[Provided data]
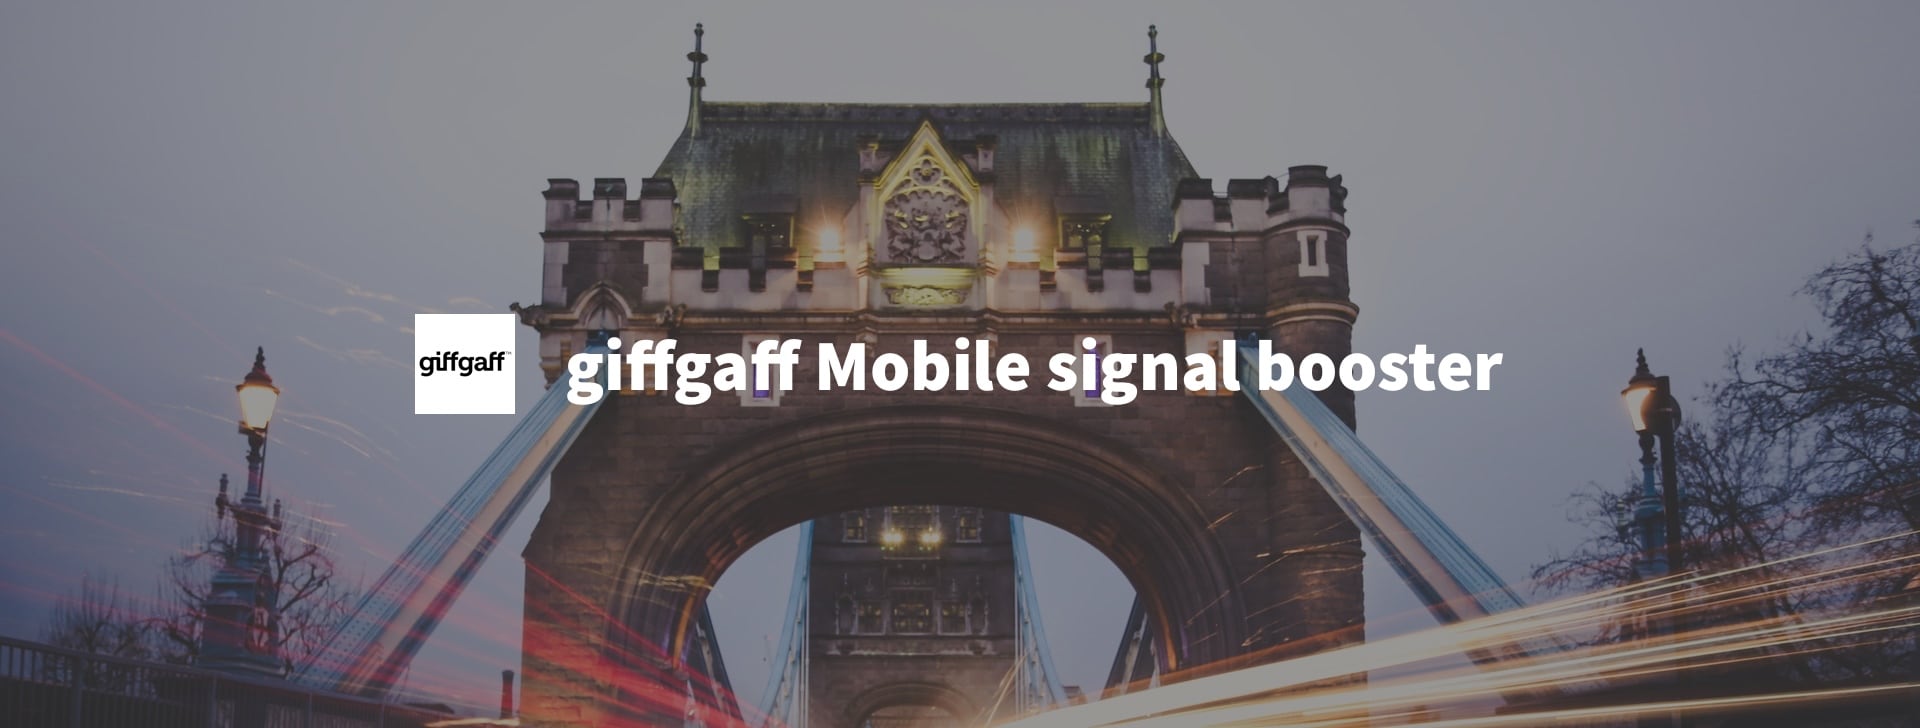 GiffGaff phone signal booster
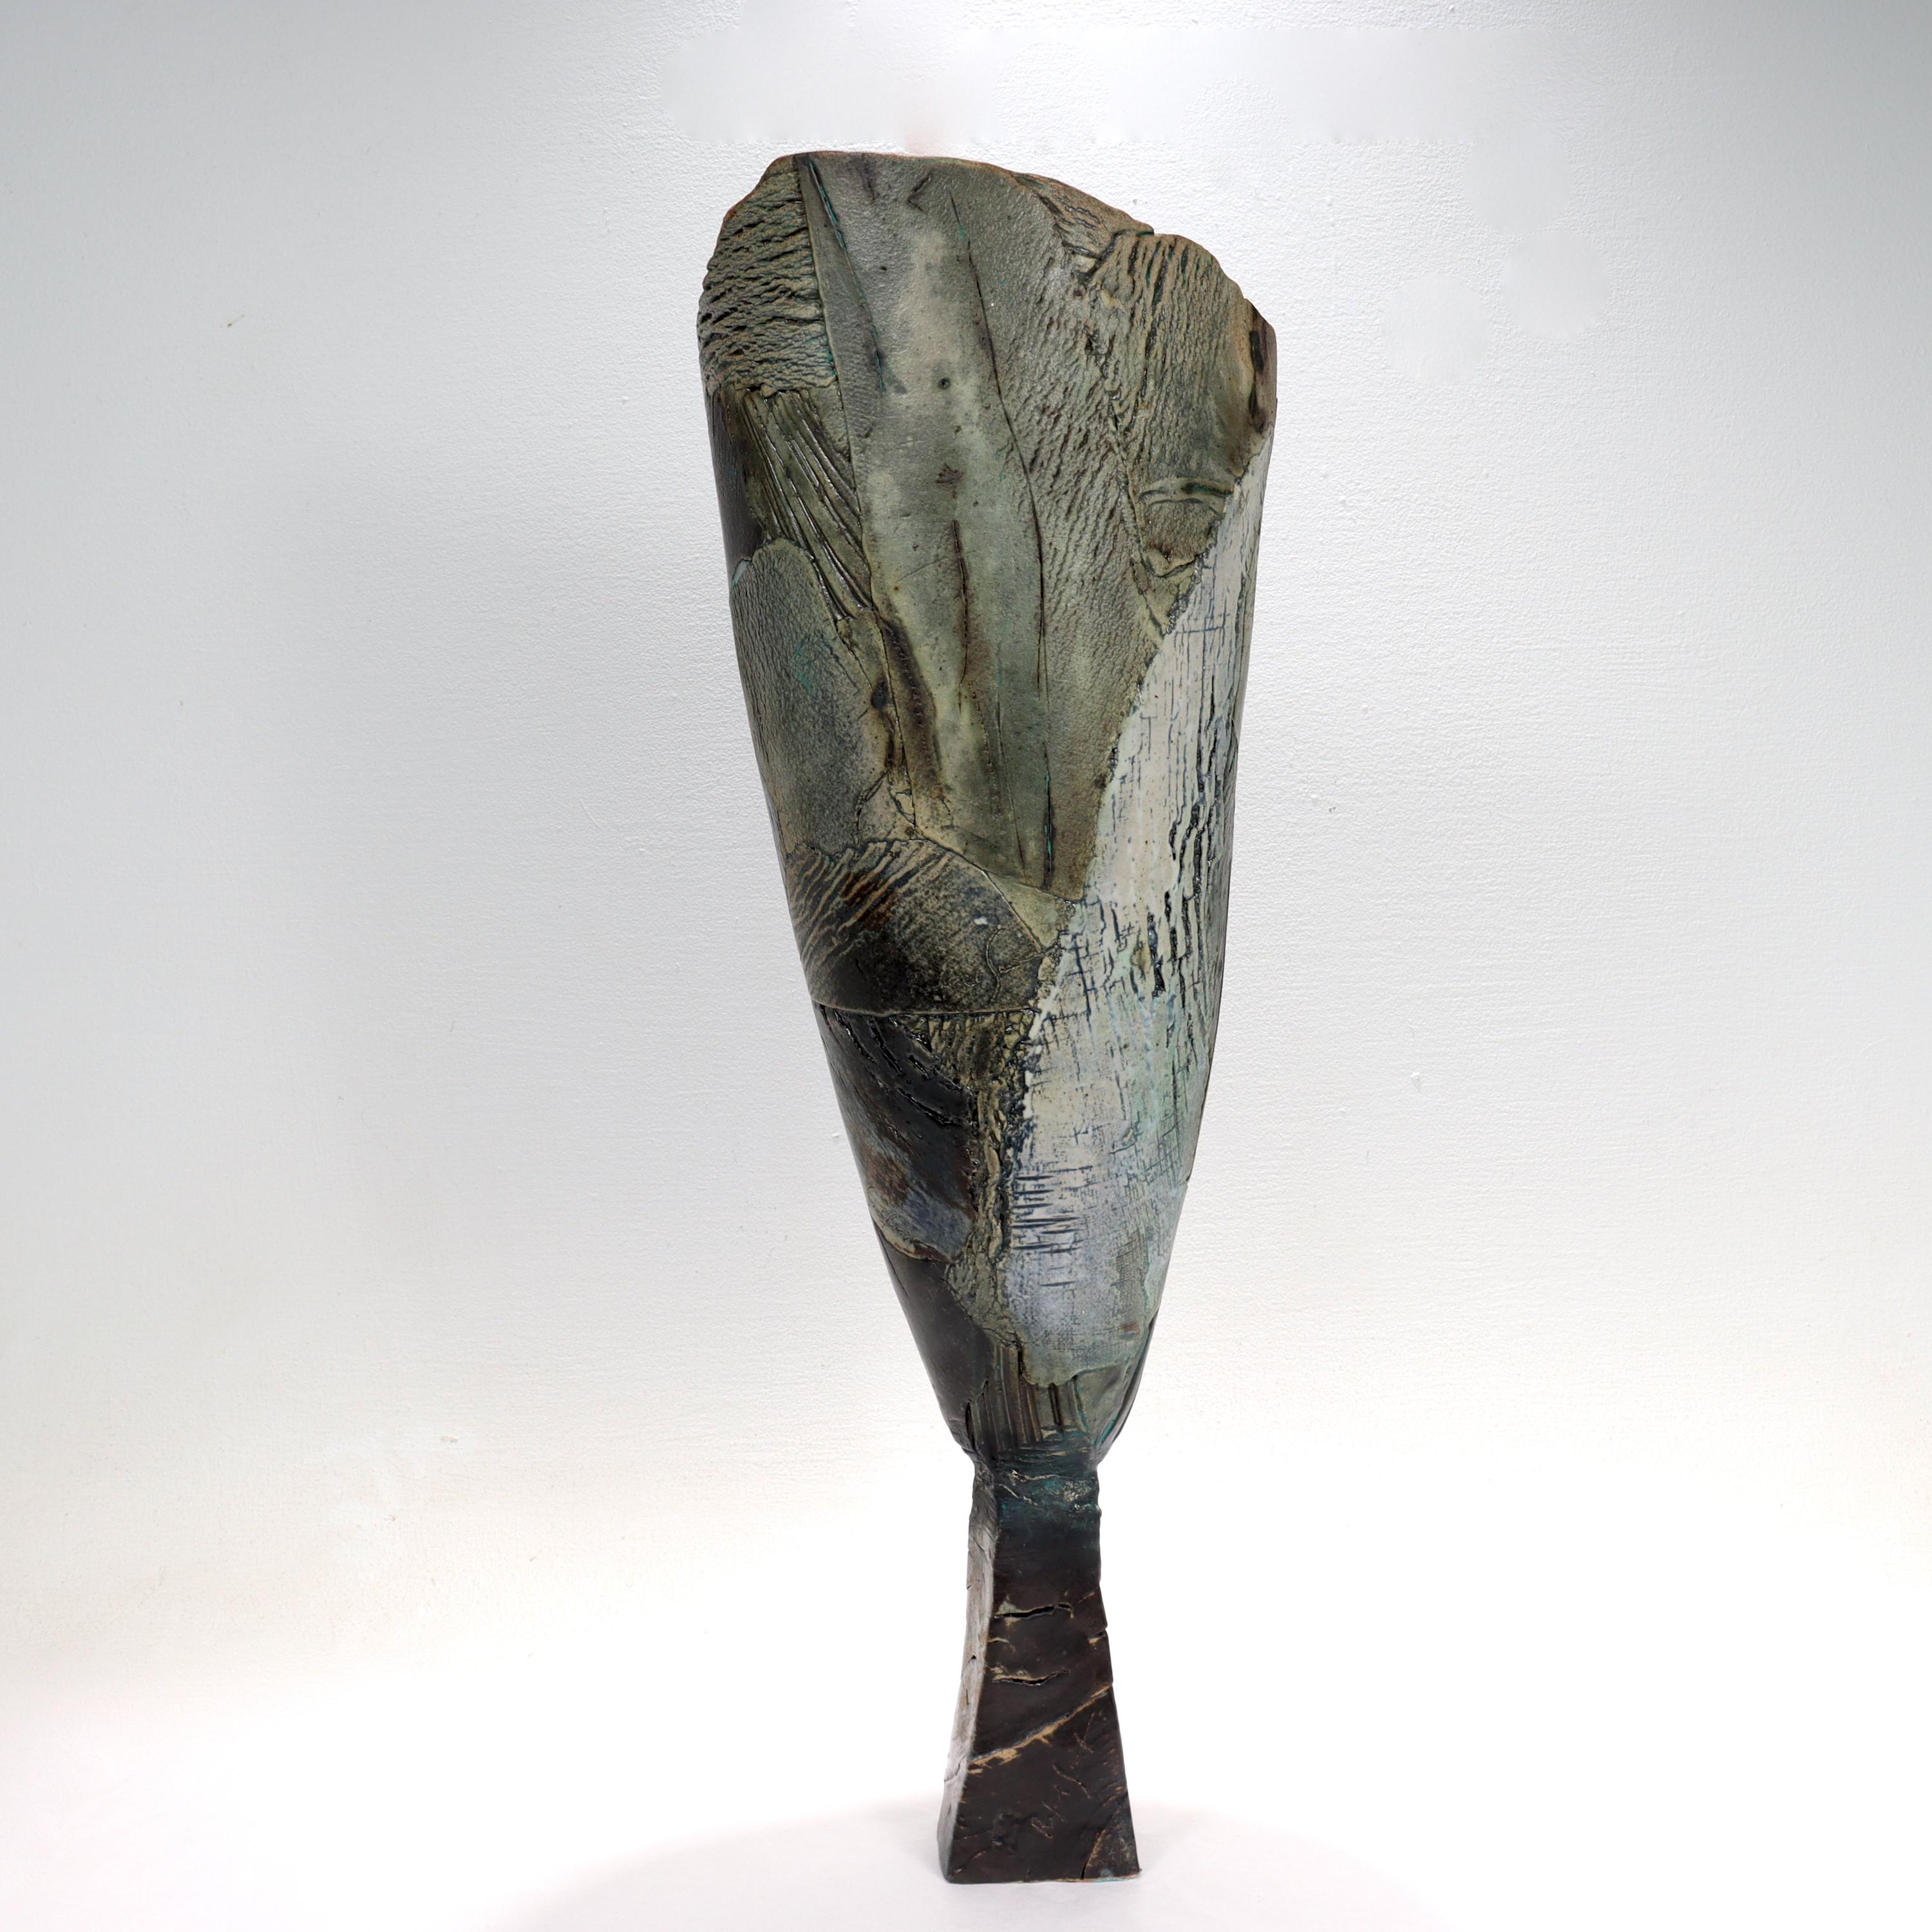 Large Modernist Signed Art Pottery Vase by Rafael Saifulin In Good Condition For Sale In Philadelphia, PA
[/Provided data]
[Provided data]
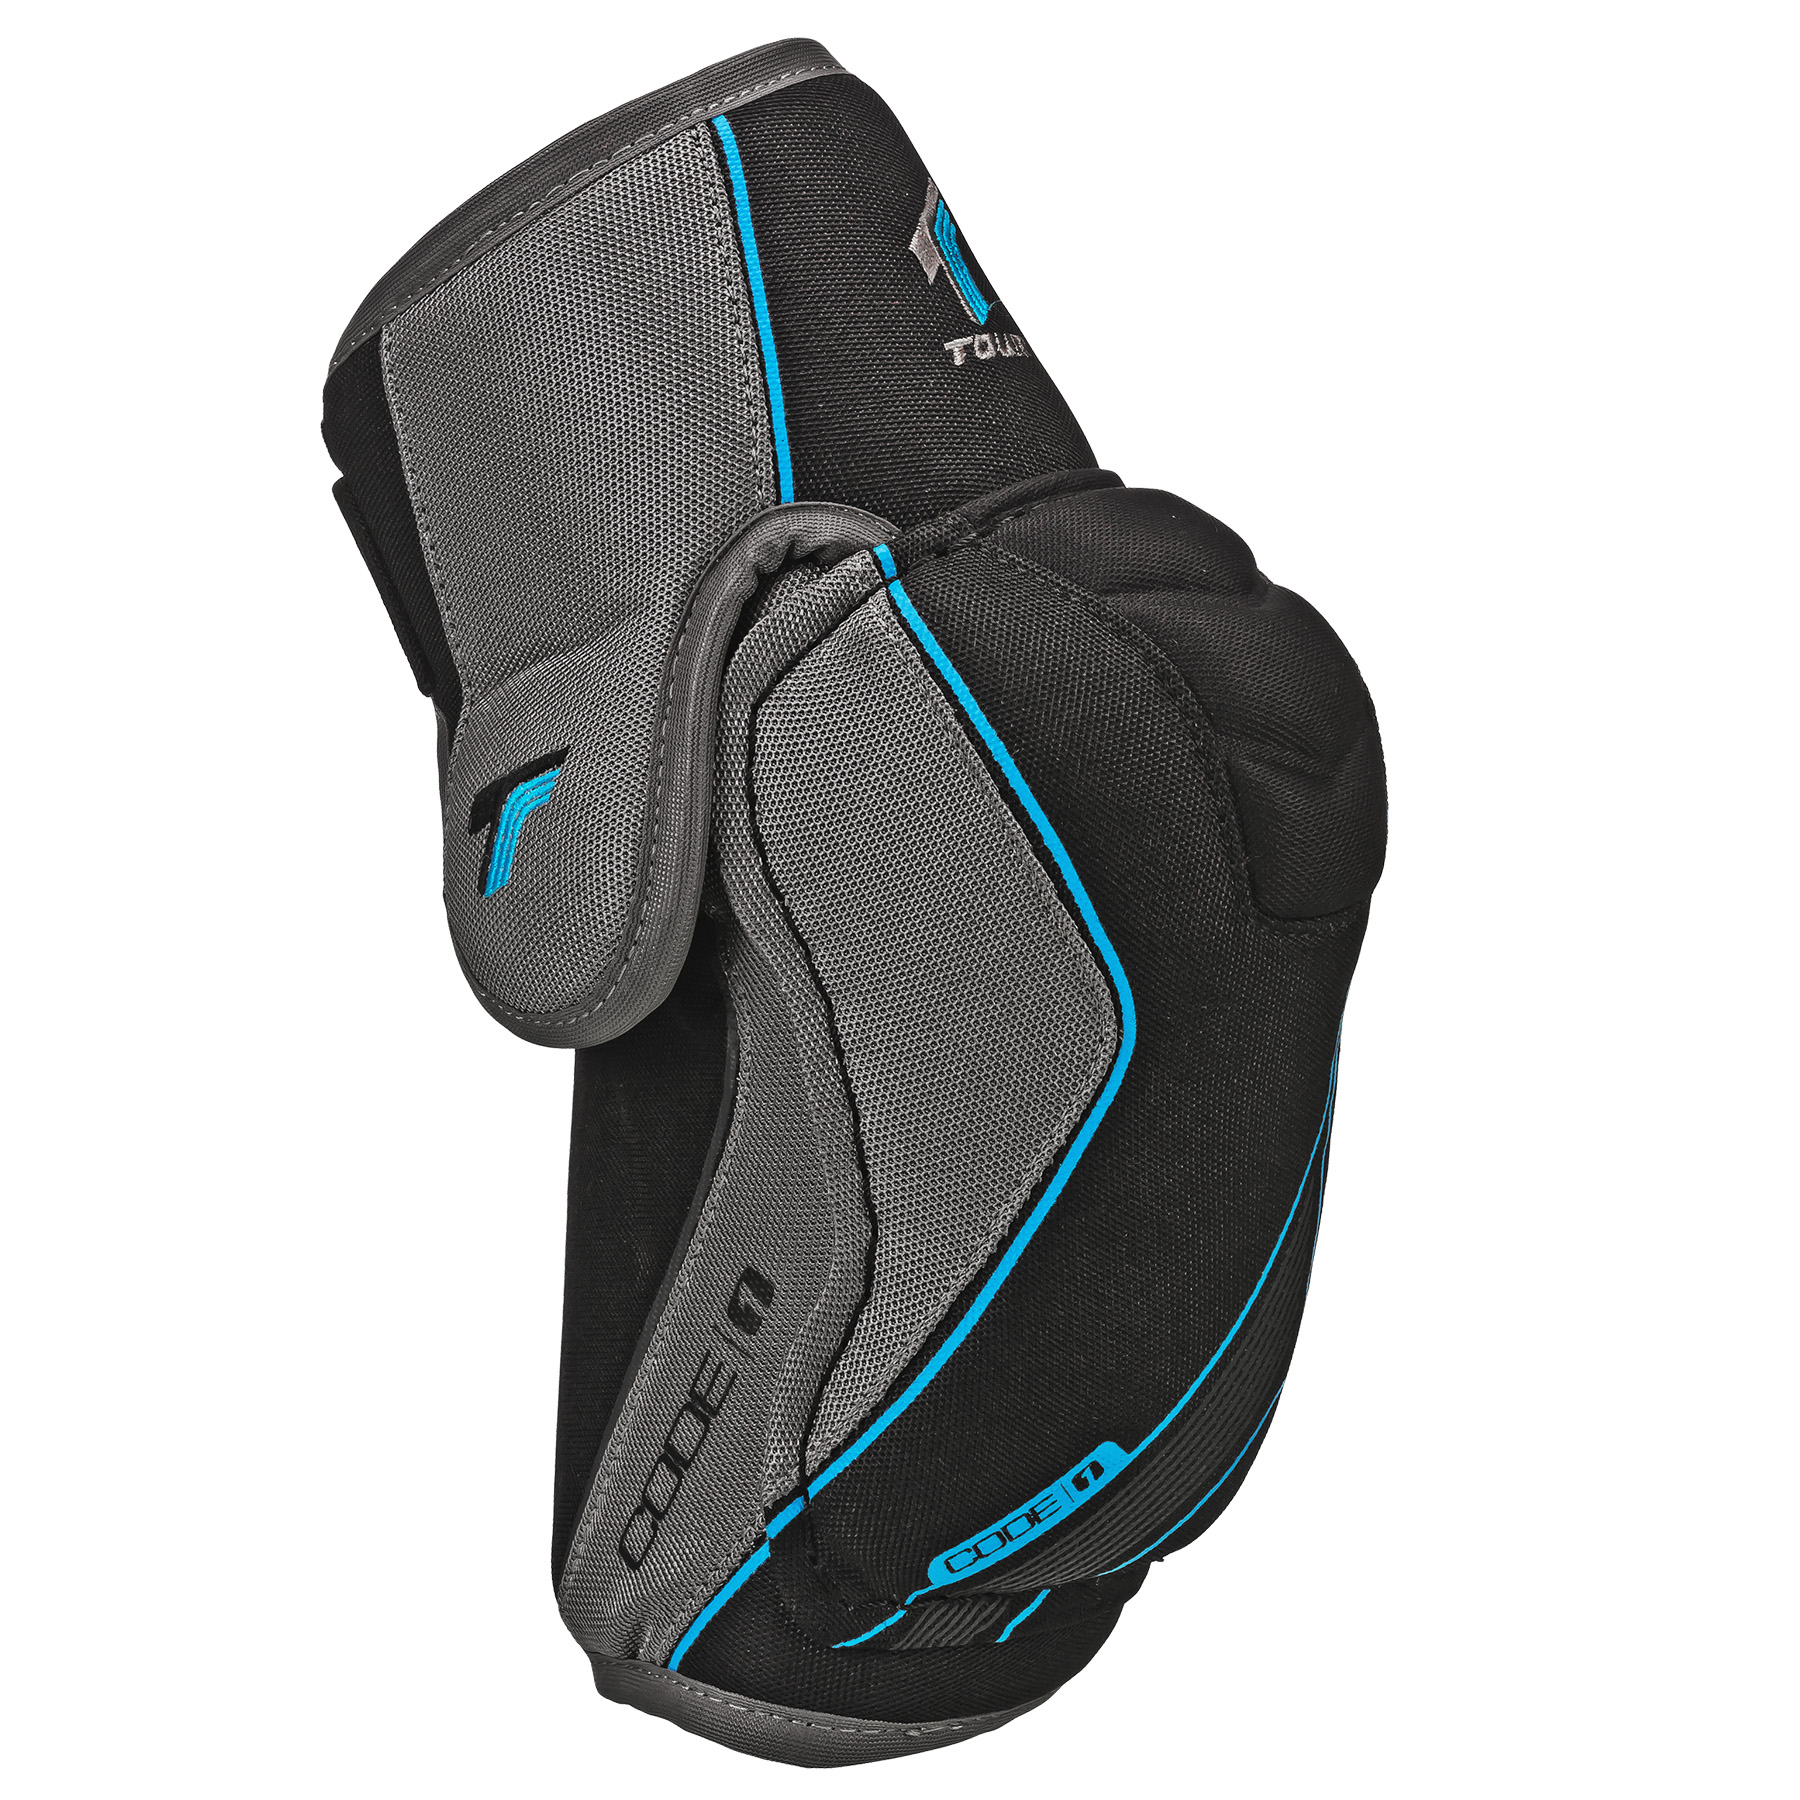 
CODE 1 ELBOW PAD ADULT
[/Provided data]
Work request
From the data above, return exactly the lines from the one with "GiffGaff phone signal booster" up to and including the one with "Large Modernist Signed". Pictures do not go in the copy.

Result
 GiffGaff phone signal booster
 Large Modernist Signed Art Pottery Vase by Rafael Saifulin In Good Condition For Sale In Philadelphia, PA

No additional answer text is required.